Sarah stood abruptly and ran up the stairs. I heard drawers and cupboard doors being opened and closed. Then she came back to the living room.
"I don't believe it!" she groaned with a grimace. "She's gone! I mean she's emptied her drawers of practically everything. All her bathroom stuff is missing, and her two big suitcases. No note; no phone-call, nothing!"
I stared at her. There was nothing to say. Nicola had done it again.
Sarah acted. She took her mobile and tapped Nicola's number – at least I assumed it was. She listened then clicked the phone shut. She sat down heavily on the sofa next to me.
"Discontinued," she said. "She's either changed her number or her phone. In any case, I've nothing to say to her. I bet she wouldn't answer if I'd been able to leave a message. How could she do that?" She shook her head in disbelief.
I sat still. How indeed?
Nothing new here then is what I think went through my head at that moment.

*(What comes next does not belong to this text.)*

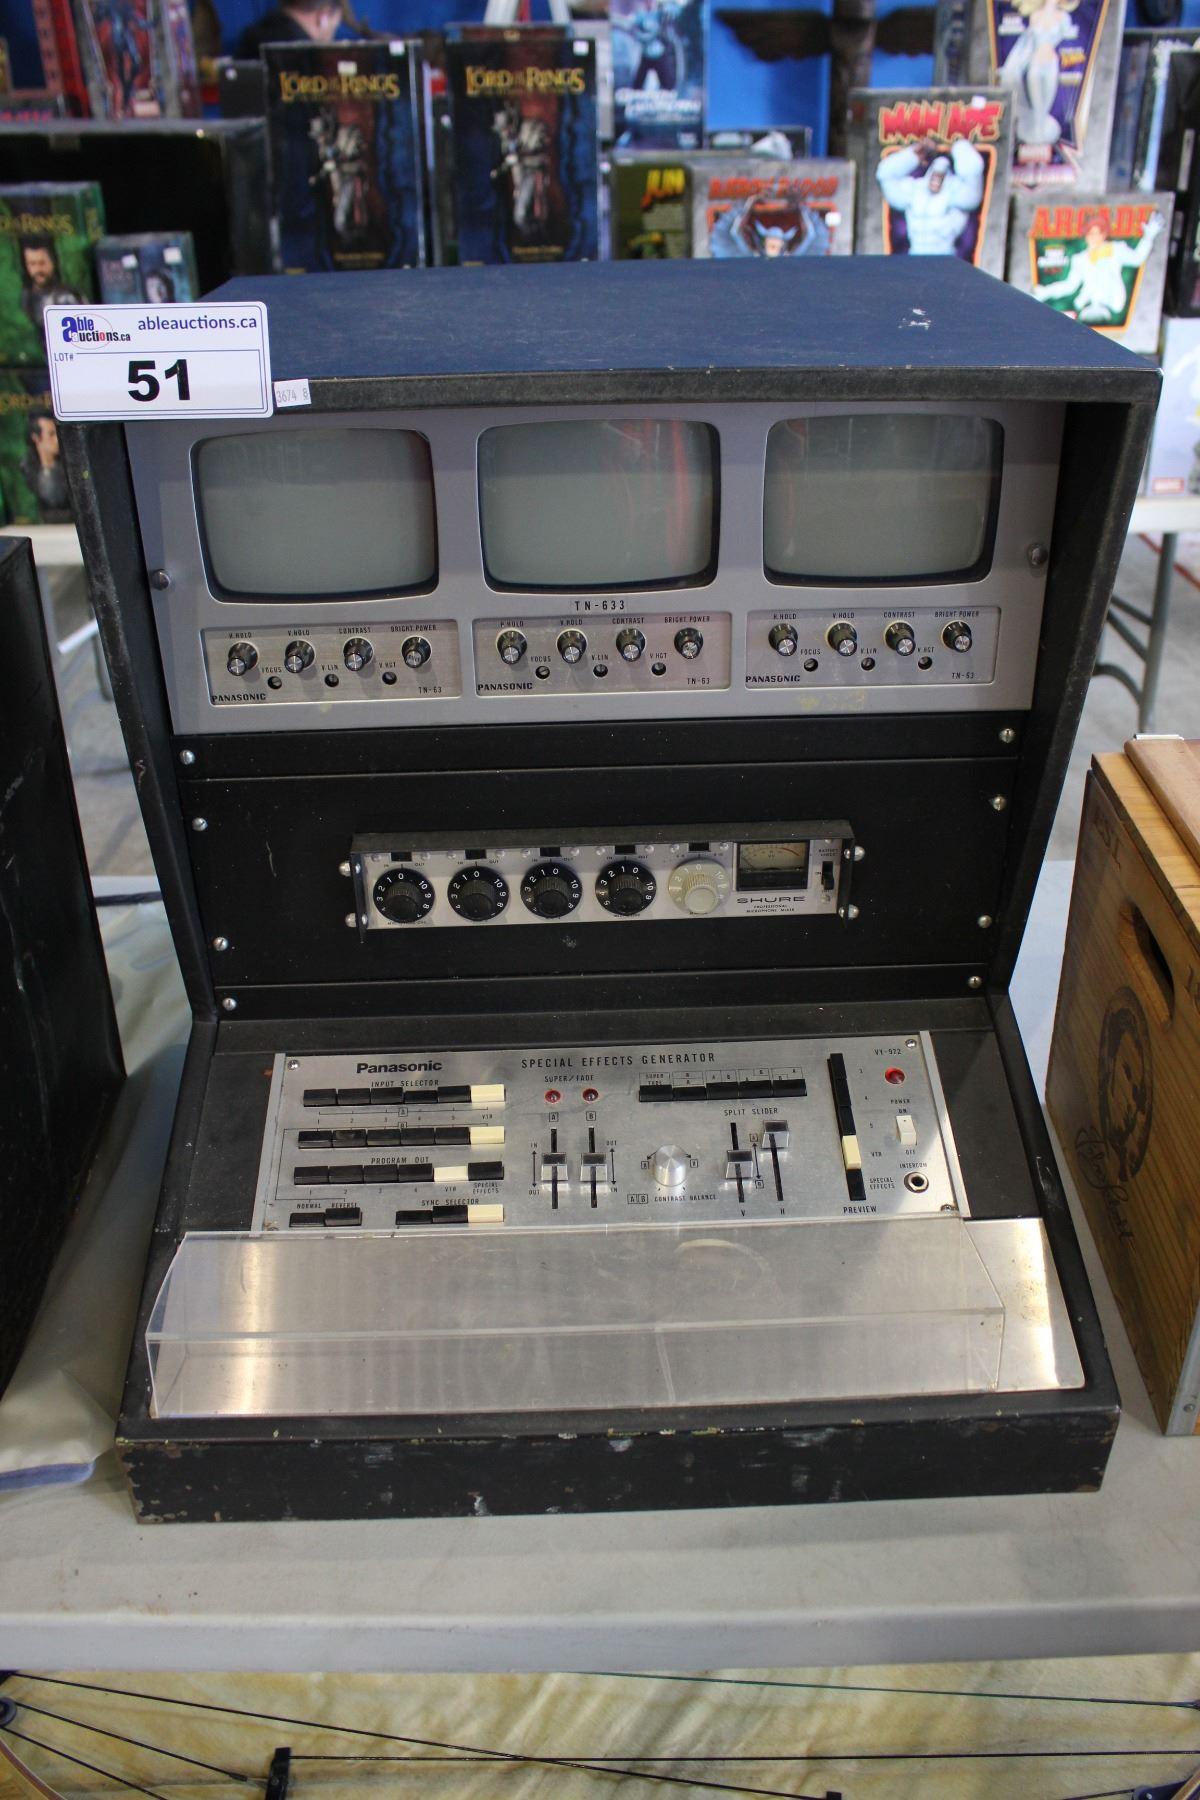 PANASONIC SPECIAL EFFECTS GENERATOR TN-633

Then I was annoyed. If she knew I was coming, she could have emailed me not to come; or she could have texted me. That would have been thoughtful. Not Nicola's way, obviously.
Sarah sat still next to me for a long while. Then she seemed to gather herself.
"Kevin," she said, turning to me and speaking earnestly. "We need to eat. I've brought you here on a wild goose chase, since the silly goose has flown. Let me take you out to dinner."